Secondo fonti vicine al Cremlino, la Russia starebbe entrando nella fase finale della guerra. Una fase segnata non solo da attacchi massivi, ma da una strategia psicologica e strutturale di destabilizzazione, che comprende:

  • Blackout generalizzati nelle città ucraine attraverso la distruzione delle sottostazioni elettriche;

  • Attacchi mirati all’élite politico-militare ucraina;

  • Paralisi della governance civile e militare;

  • Offensiva su tre centri strategici: Kharkov (cuore industriale), Nikolaev (polo della cantieristica) e Odessa (porta sul Mar Nero).

Una tale perdita ridurrebbe drasticamente l’interesse delle multinazionali occidentali, come BlackRock, a continuare gli investimenti e il sostegno all’Ucraina. La guerra per procura, a quel punto, rischierebbe di perdere la sua attrattiva per chi oggi la finanzia dietro le quinte.


Trump e la diplomazia pragmatica: trattative silenziose ma reali

Sul fronte diplomatico, il team del 47° presidente in pectore – formato da figure pragmatiche – è già all’opera. A fianco dei colloqui militari, stanno prendendo forma trattative parallele su commercio, navigazione nel Mar Nero e persino investimenti congiunti in ambiti strategici. Dmitriev, in particolare, avrebbe discusso con interlocutori americani del ripristino dei canali economici bloccati dalle sanzioni, e dell’apertura di nuove partnership in vista di una pace controllata.

Tuttavia, la Russia rimane scettica. Come ha dichiarato Sergei Ryabkov, viceministro degli Esteri russo, i modelli proposti da Washington sono “incompleti” e non affrontano le cause profonde del conflitto, ovvero:

  • l’espansione della NATO;

  • la neutralità dell’Ucraina;

  • il riconoscimento delle nuove regioni russe.

Fino a quando questi punti non verranno inclusi nei negoziati, Mosca non accetterà alcun accordo. La Russia, afferma Ryabkov, “prende molto sul serio le proposte americane, ma non può accettarle così come sono”.


Manipolazioni occidentali e doppie verità sul cessate il fuoco

Mentre alcuni leader europei accusano Mosca di aver infranto la tregua, la diplomazia russa risponde con un dettagliato elenco degli impianti energetici colpiti dagli ucraini. Tali rapporti sono stati inviati – secondo il ministro Lavrov – direttamente a Mike Waltz e Marco Rubio, che hanno funzionato da intermediari con Trump.
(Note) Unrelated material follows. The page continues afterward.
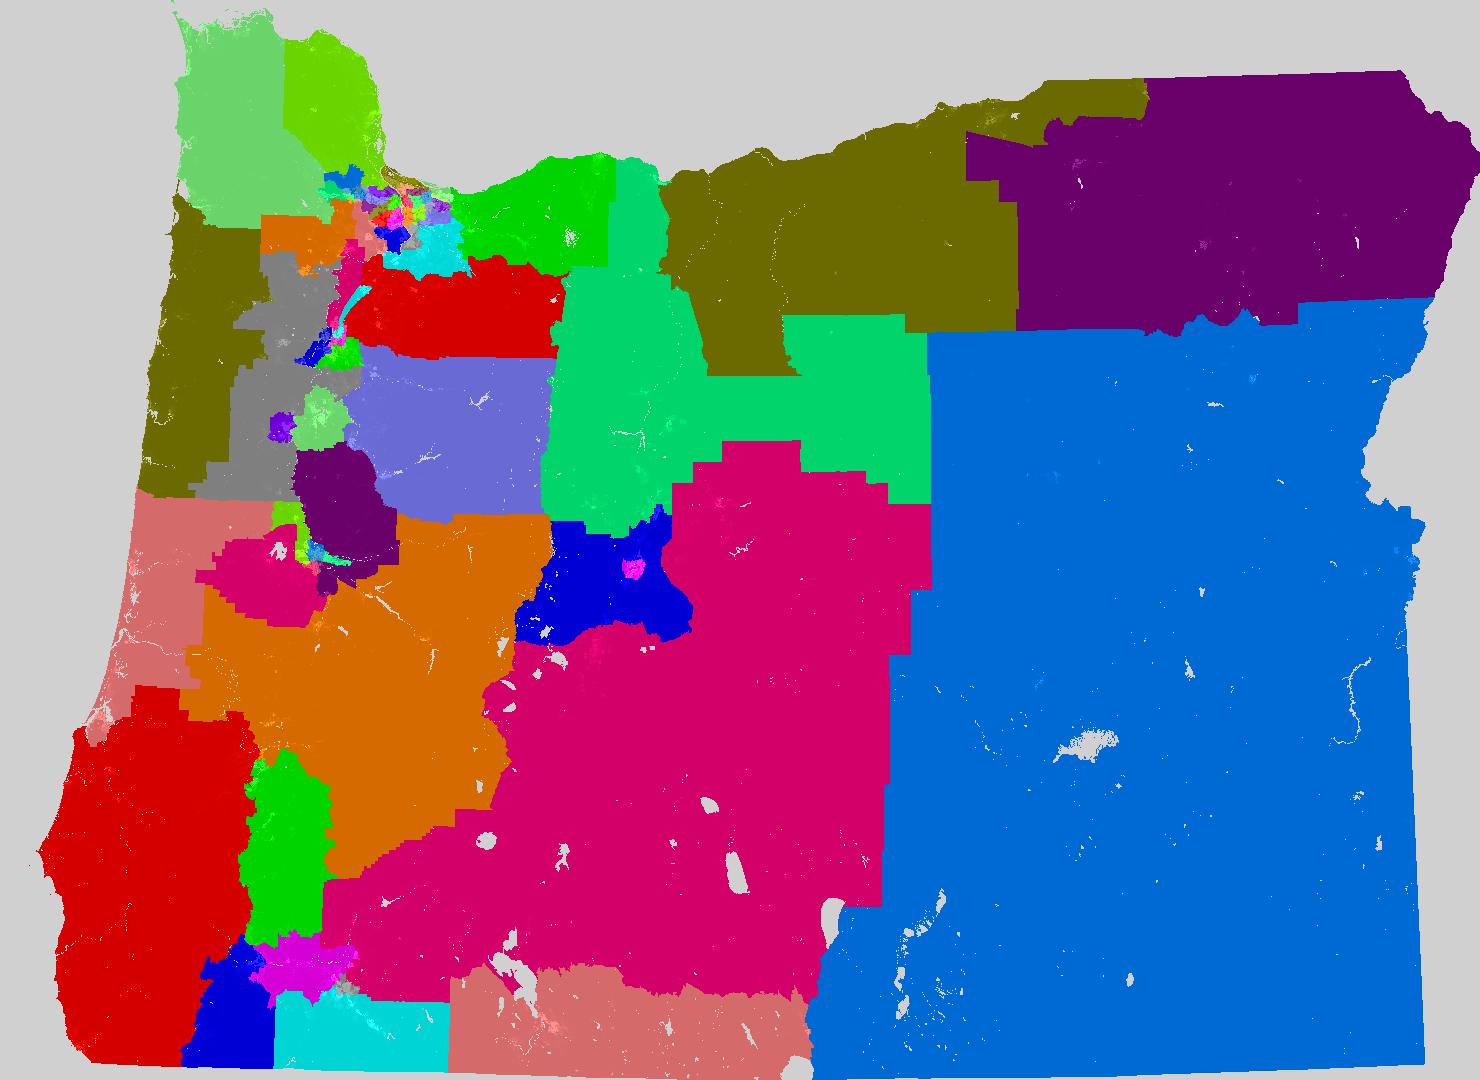 Oregon House Of Representatives Map Oregon House of Representatives Redistricting

Mosca chiarisce: l’accordo era con Washington, non con Kiev, e riguardava esclusivamente impianti energetici, non infrastrutture civili o militari. Le continue violazioni da parte di Kiev, senza sanzioni o ammonimenti pubblici da parte americana, avrebbero portato Putin a perdere fiducia anche negli emissari di Trump.


Crimea e territori annessi: il punto fermo del Cremlino

Il riconoscimento delle nuove regioni – Crimea inclusa – rimane la conditio sine qua non per qualsiasi accordo. Per Mosca, la volontà popolare espressa nei referendum del 2014 e del 2022 è definitiva e non negoziabile. L’Ucraina e i suoi alleati occidentali, invece, continuano a considerare quei territori “occupati”. Il rischio è che questo nodo irrisolto mantenga congelato ogni processo di pace, alimentando uno stallo pericoloso.
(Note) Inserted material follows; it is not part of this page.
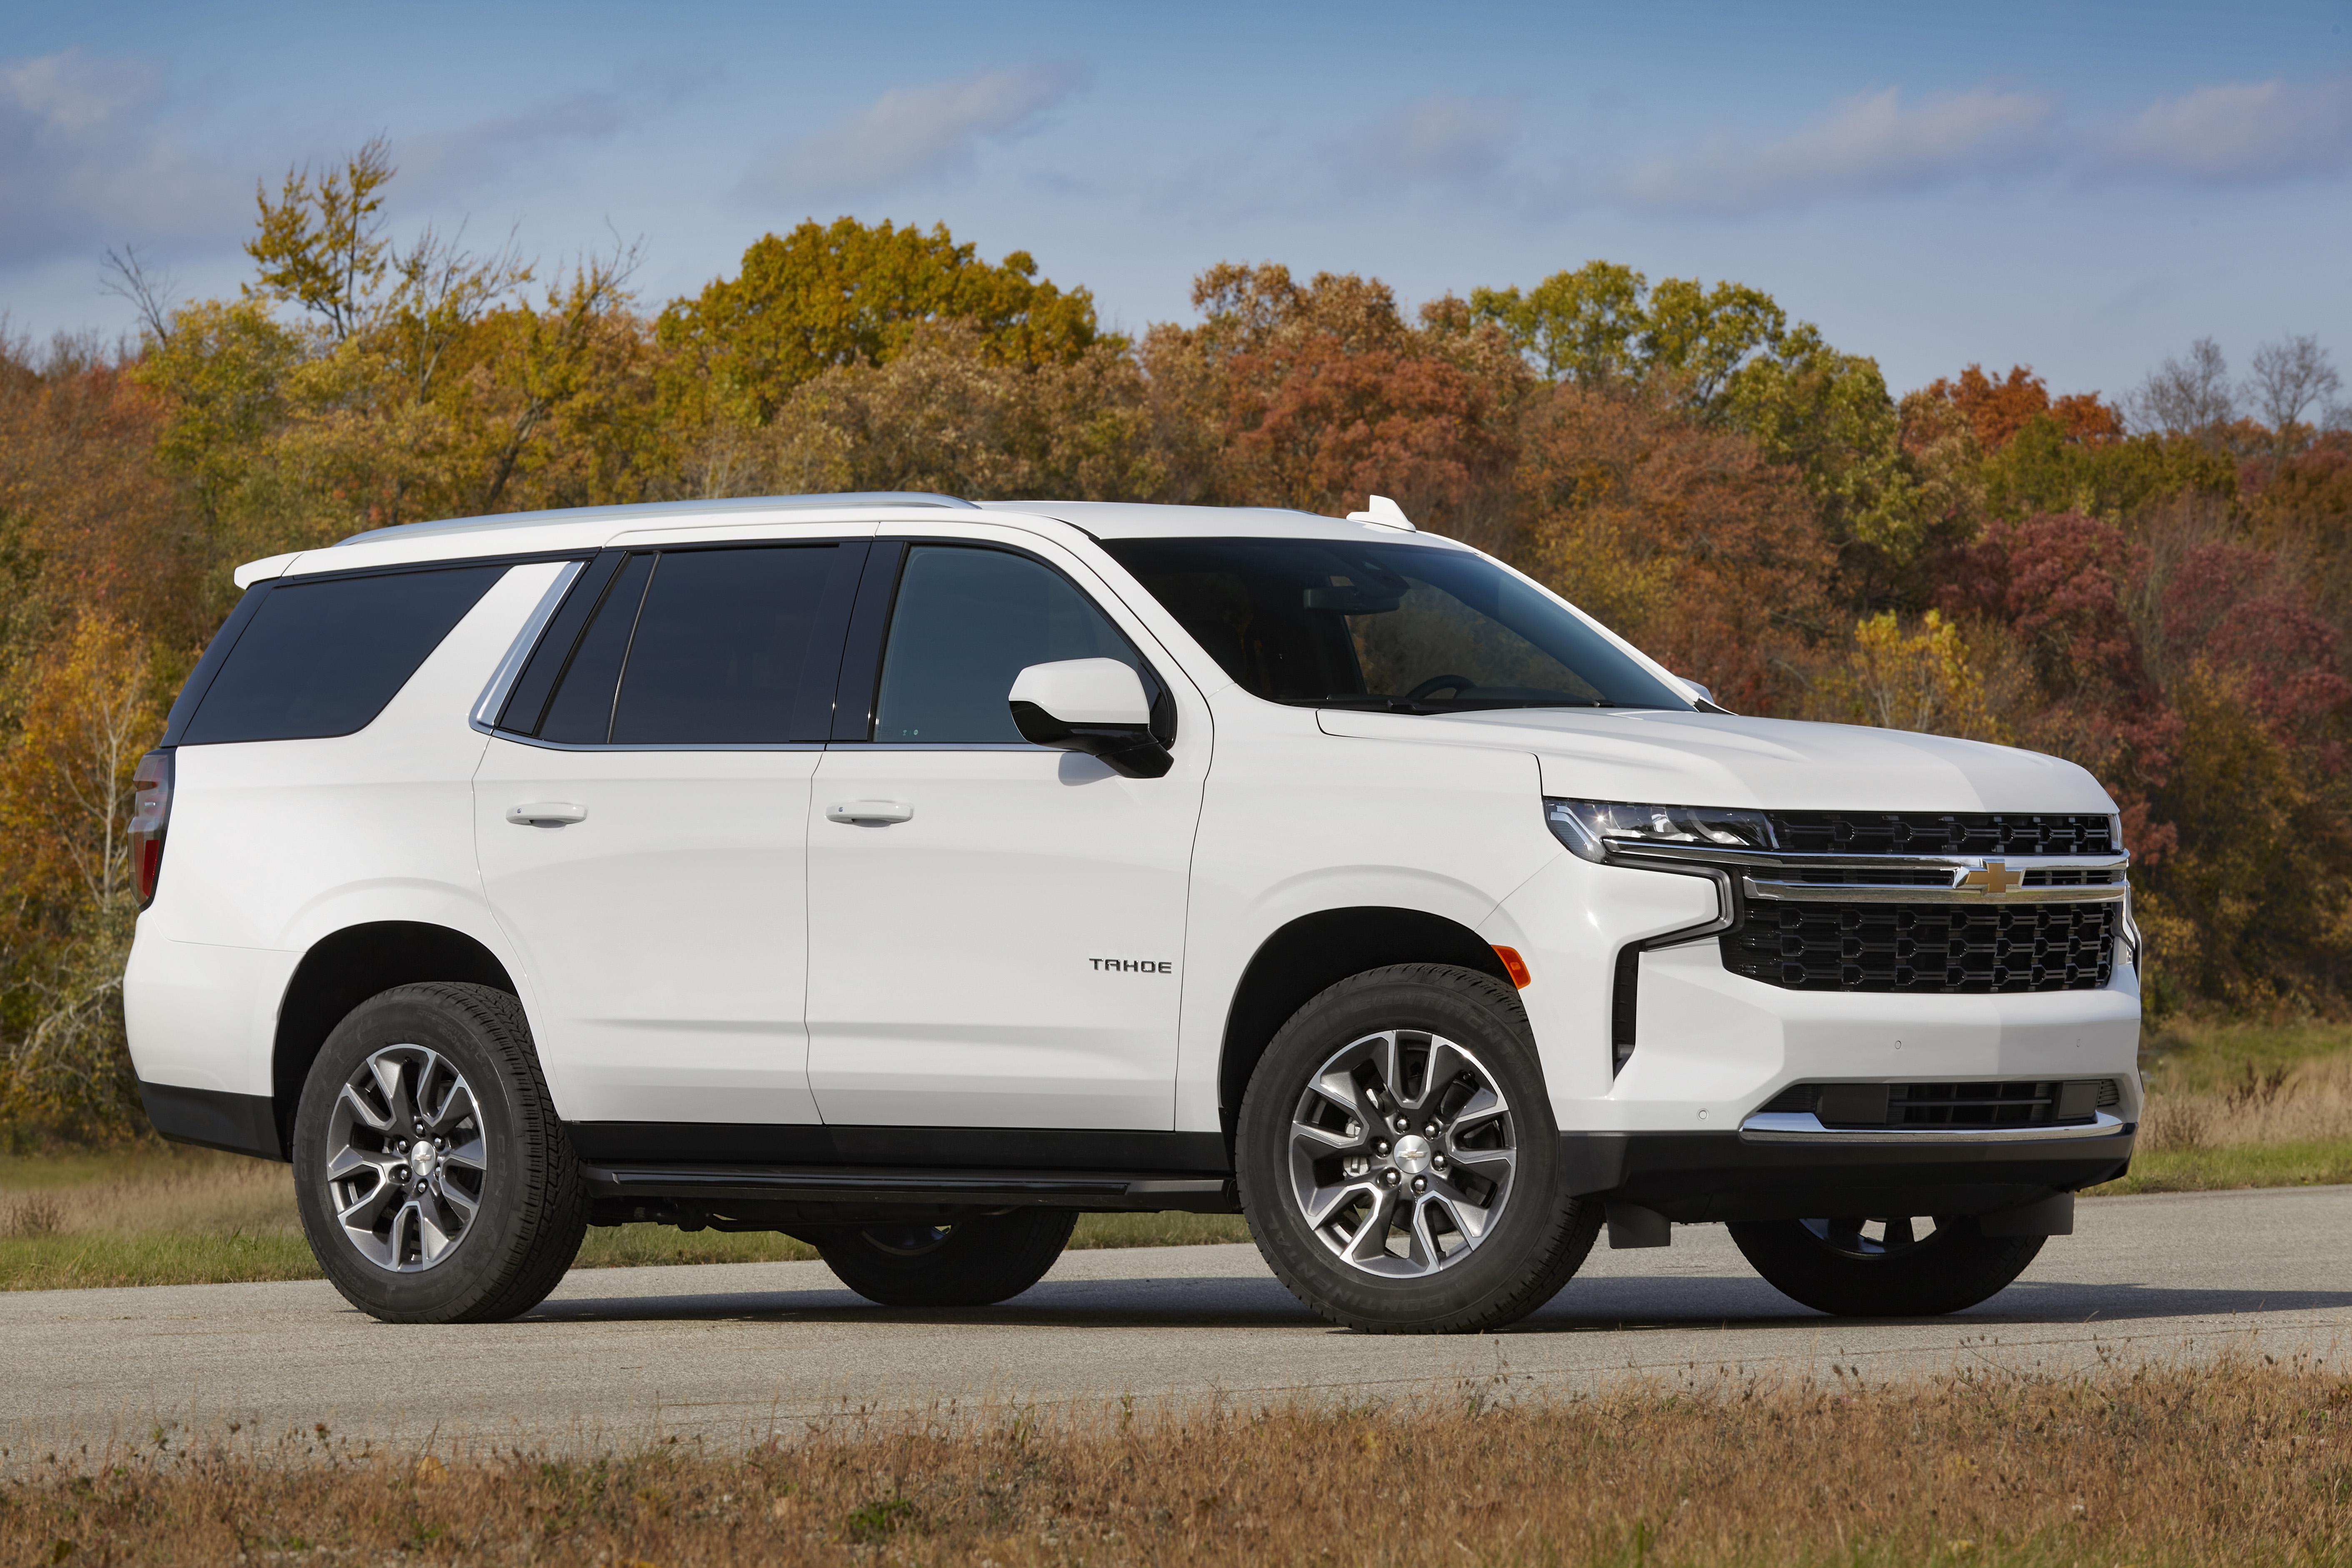 2021 Chevrolet Tahoe 3 0l Duramax Offers Class Leading Fuel Efficiency

Europa: tra allarmismo e ambiguità strategica

L’offensiva russa ha colto l’Europa impreparata. La Polonia ha alzato in volo i suoi jet da combattimento e attivato le difese aeree, mentre nei cieli orientali si sono intensificati i pattugliamenti NATO. Tuttavia, la divisione tra le capitali europee è palese: mentre Parigi e Londra spingono per l’invio di truppe, Berlino resta prudente, e Washington – almeno nel campo trumpiano – guarda ormai a una chiusura rapida, anche se poco onorevole per Kiev.


Conclusione: il bivio ucraino e le decisioni altrui

L’Ucraina si avvicina a un crocevia decisivo. Le certezze fornite dall’Occidente si sgretolano, le promesse vacillano e il fronte militare si fa sempre più incerto. Se l’ultimatum americano si concretizzerà, Zelensky si troverà solo, costretto a scegliere tra una resa imposta o una guerra che rischia di diventare ingestibile.

In ogni caso, a pagare il prezzo più alto sarà ancora una volta il popolo ucraino: ostaggio di giochi geopolitici, trattative segrete e strategie che si decidono ben lontano da Kiev.